In Experiment 2, small, statistically significant increases in revertant colony frequency were observed in the second mutation test at 5000 μg/plate (TA98) and 0.5 μg/plate (TA1537) in the absence of S9-mix only. These increases were considered to be of no biological relevance because there was no evidence of a dose-response relationship or reproducibility. Furthermore, the individual revertant counts at the statistically significant dose levels were within the in-house historical untreated/vehicle control range for each tester strain and the maximum fold increase was only 1.9 times the concurrent vehicle controls.

 

The vehicle (dimethyl sulphoxide) control plates gave counts of revertant colonies within the normal range.

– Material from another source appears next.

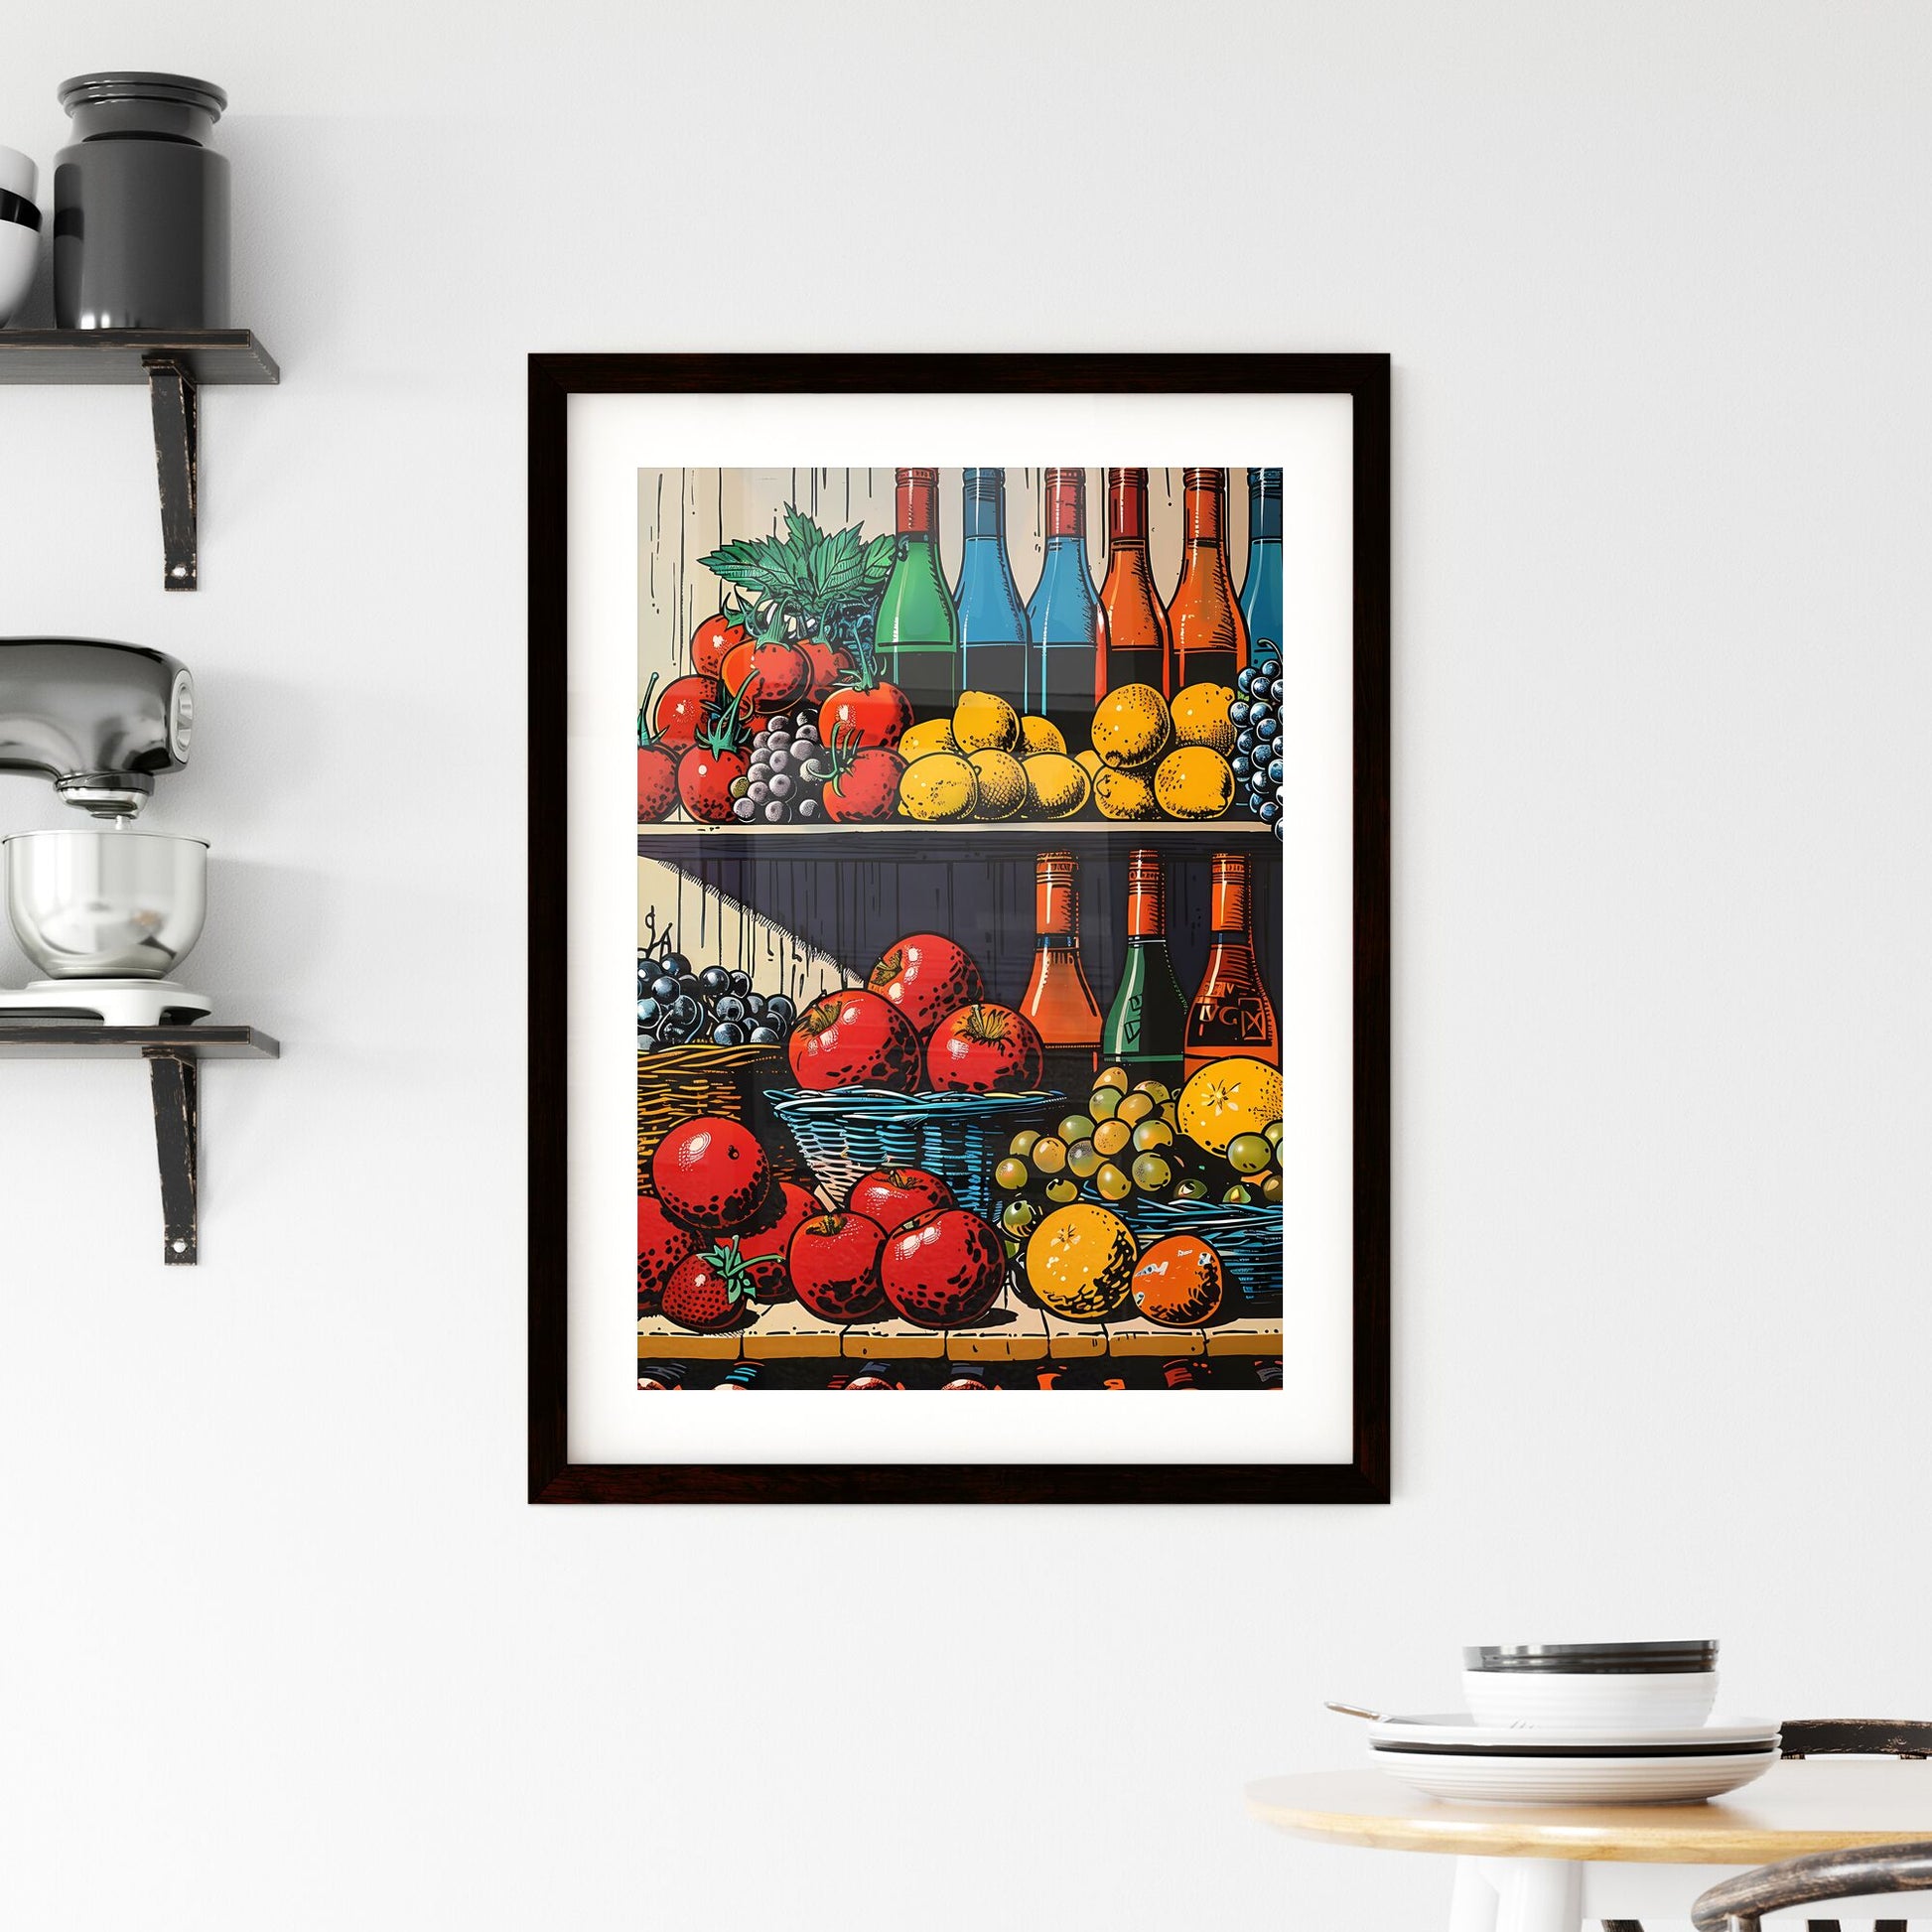 Minimalist Still Life Pop Art: Fruits and Veggies on a Shelf in a Bold and Ironic Consumerist Context Default Title

All of the positive control chemicals used in the test induced marked increases in the frequency of revertant colonies, both with or without metabolic activation. Thus, the sensitivity of the assay and the efficacy of the S9-mix were validated.

 

Under the test condition, test material is not mutagenic with and without metabolic activation in S. typhimurium (strains TA1535, TA1537, TA98 and TA100) and E.coli WP2 uvrA.

 

This study is considered as acceptable and satisfies the requirement for reverse gene mutation endpoint.